### DATA PROVIDED ###
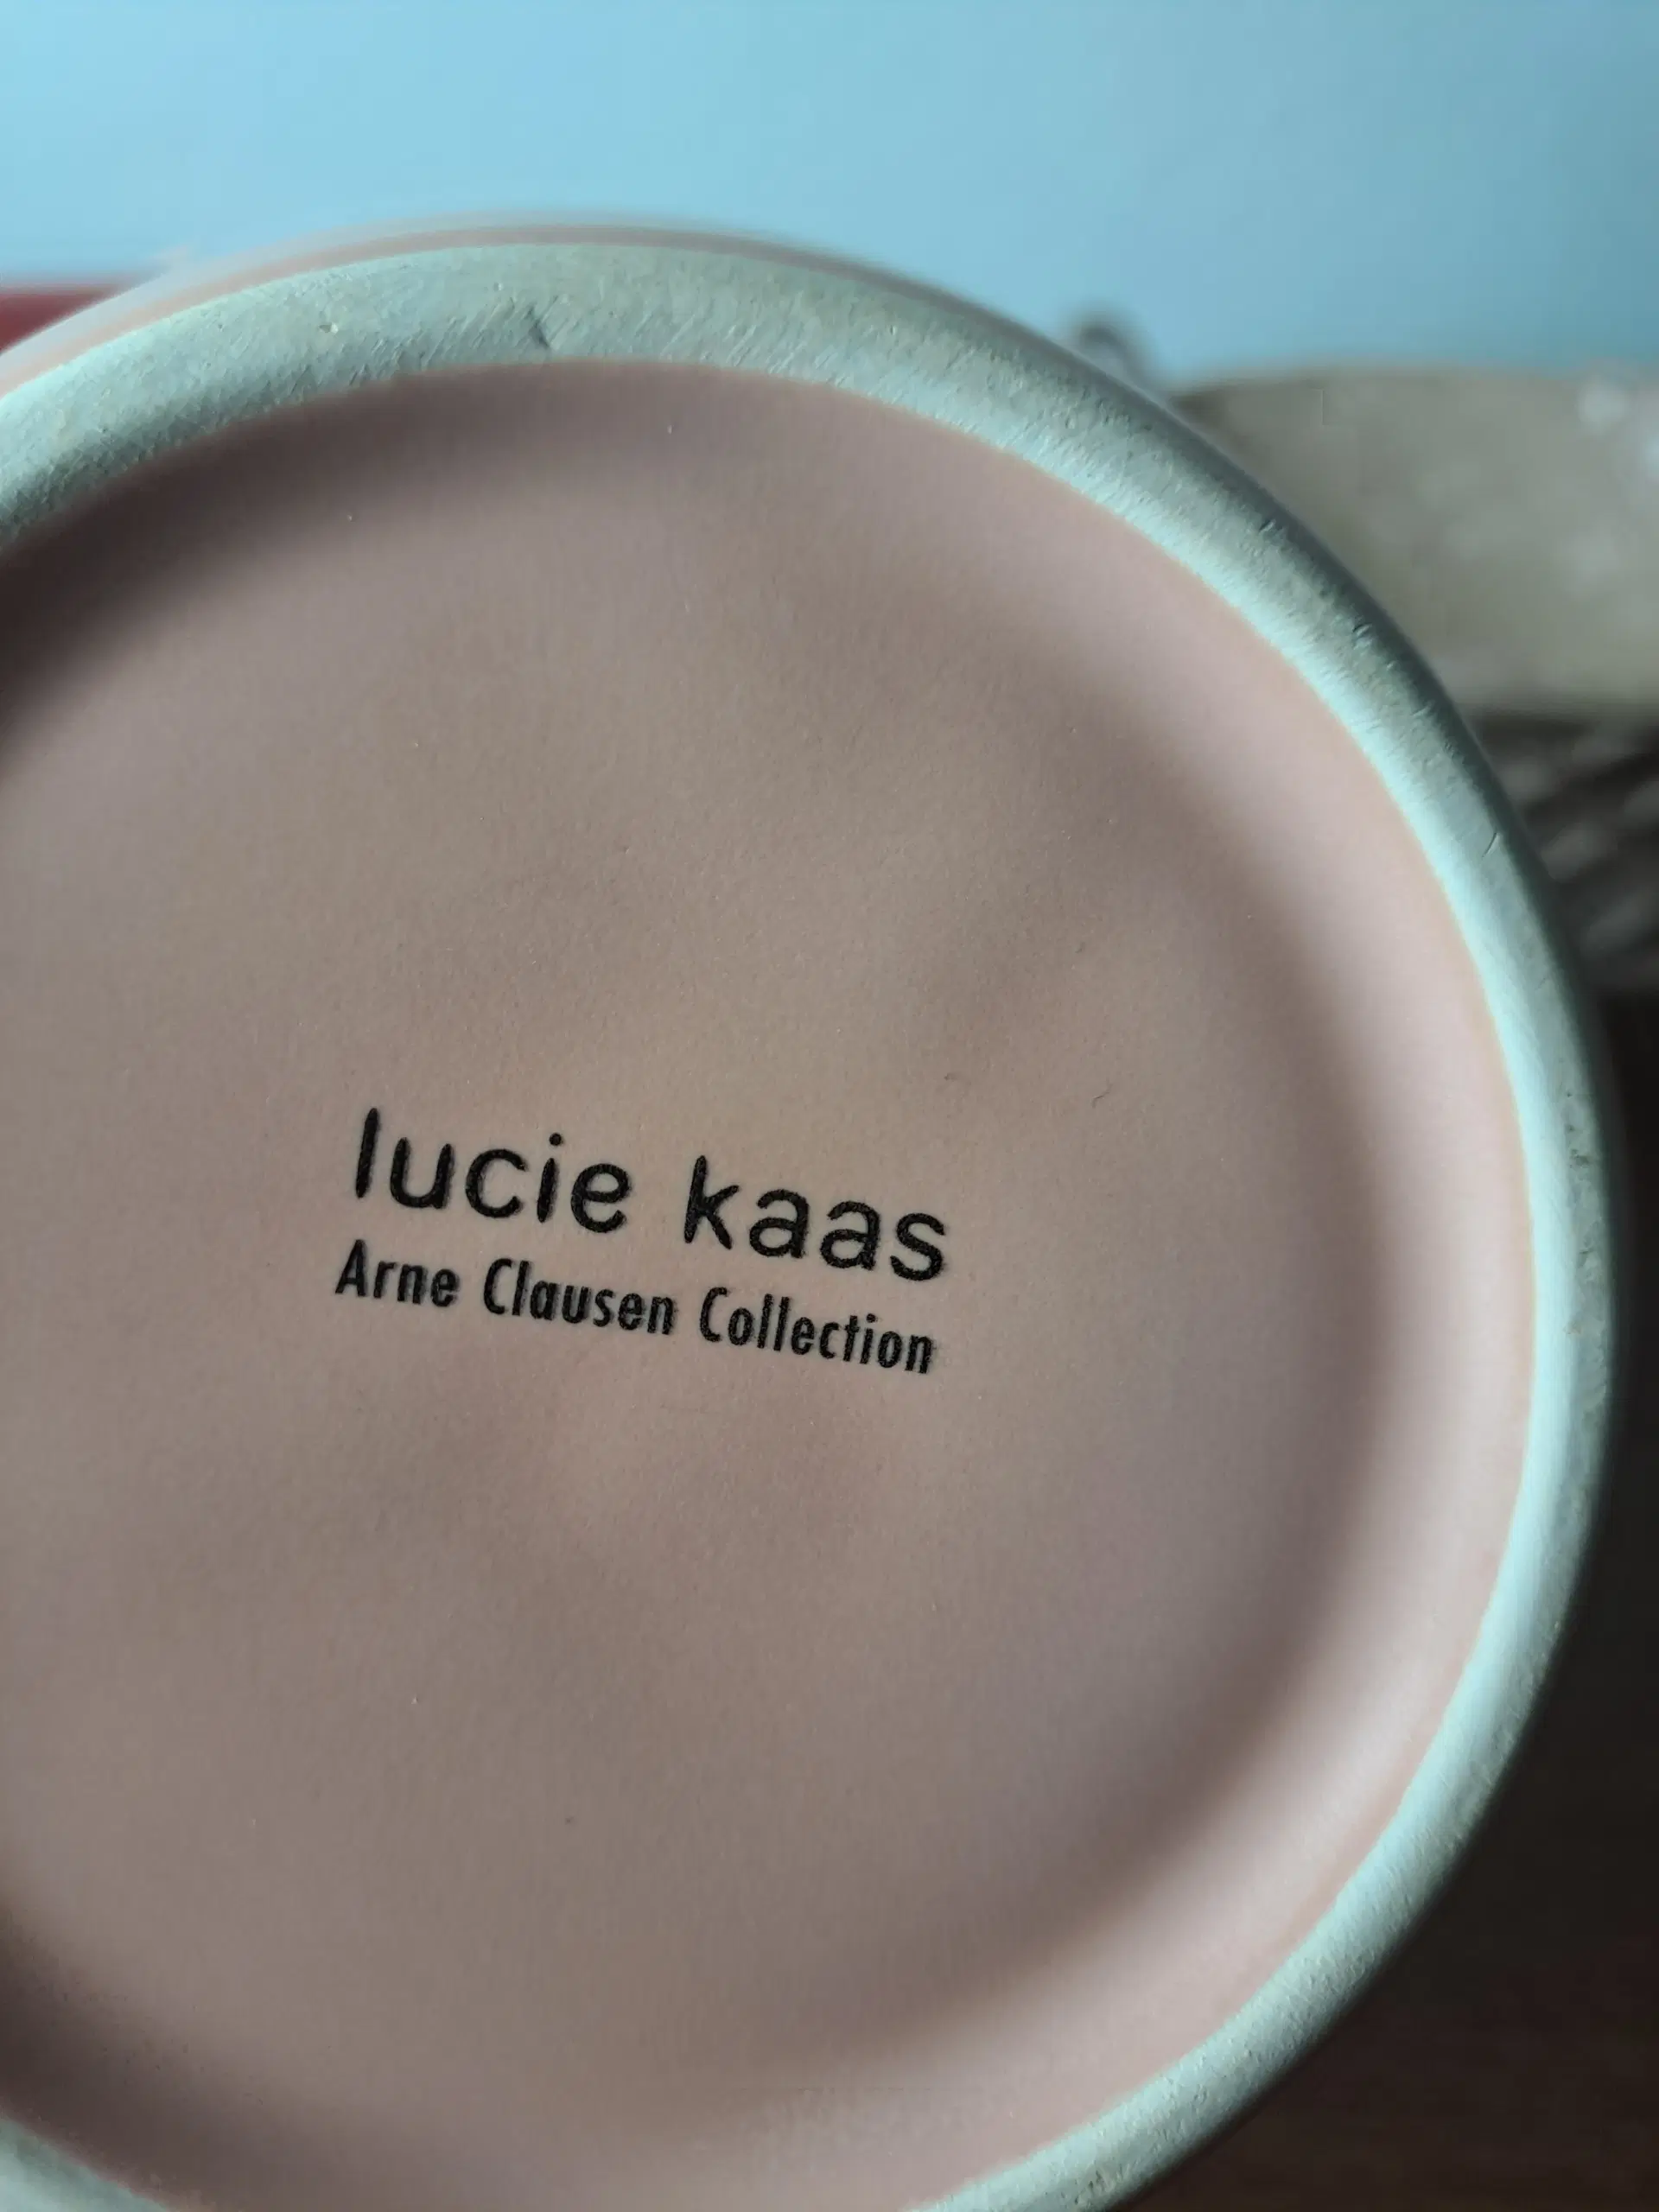 Arne Clausen Lucie Kaas (Lotus vase)
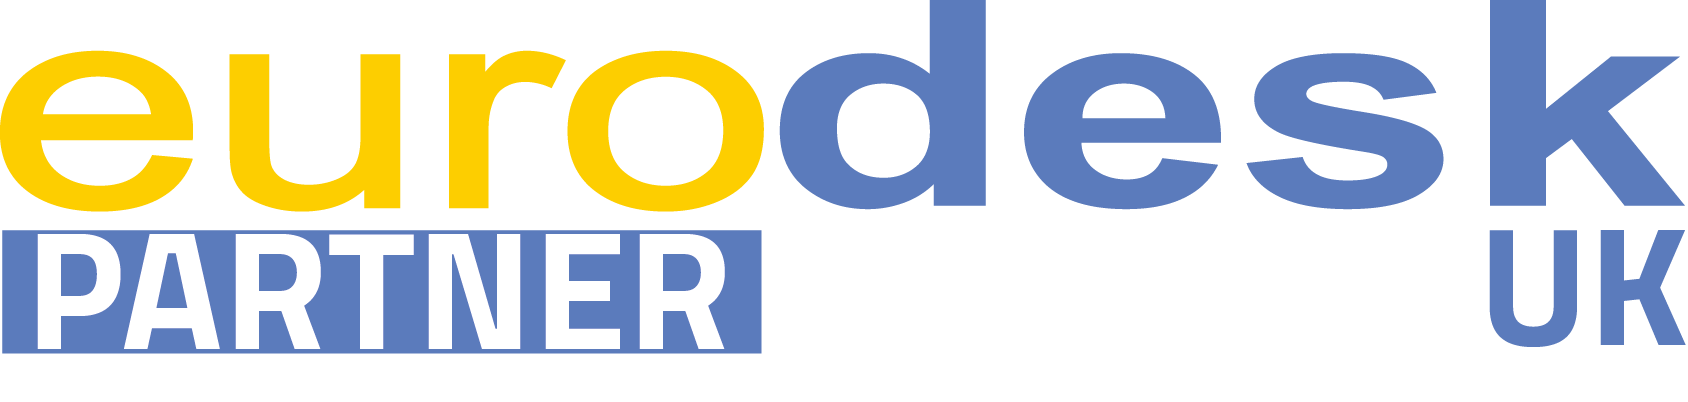 Eurodesk partner logo.png
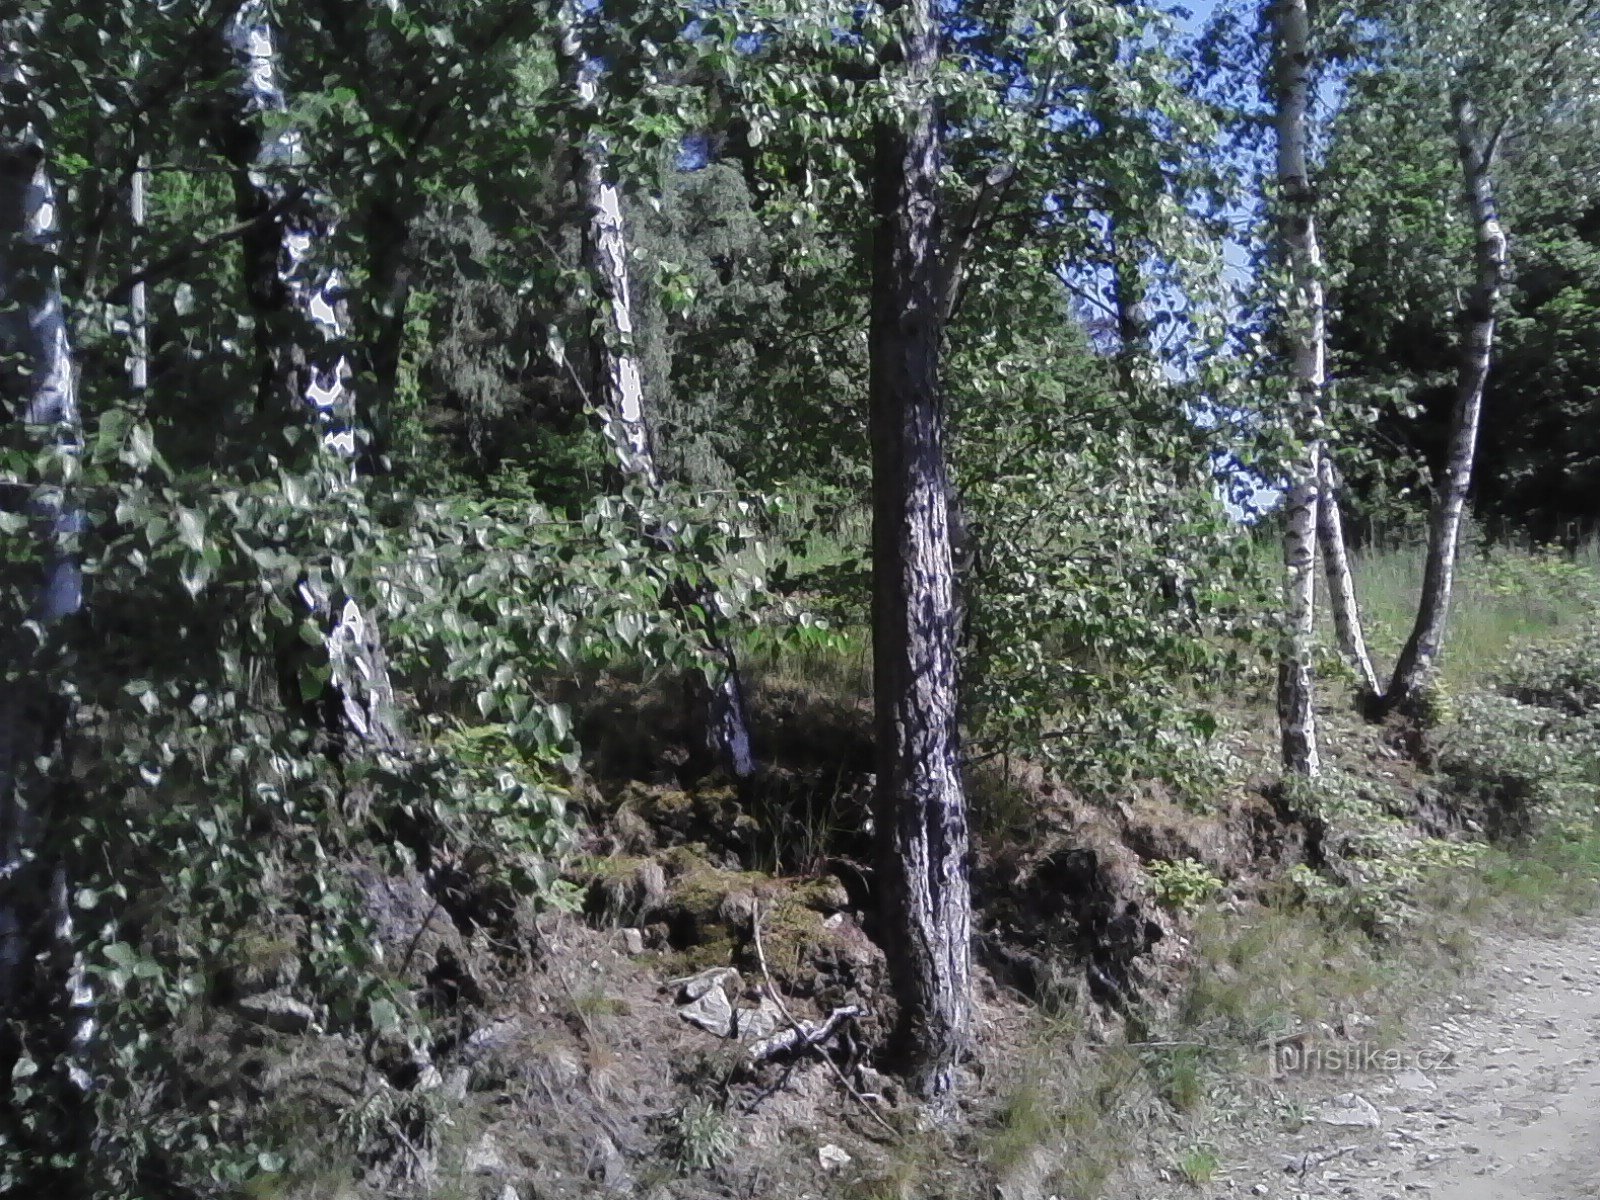 2. Ich erklimme bereits die Hügel zur Javorová skála.
###
The whole listing should be restated word for word, with no pictures.

ANSWER TO THE EXERCISE:
 Arne Clausen Lucie Kaas (Lotus vase)
 Eurodesk partner logo.png
 2. Ich erklimme bereits die Hügel zur Javorová skála.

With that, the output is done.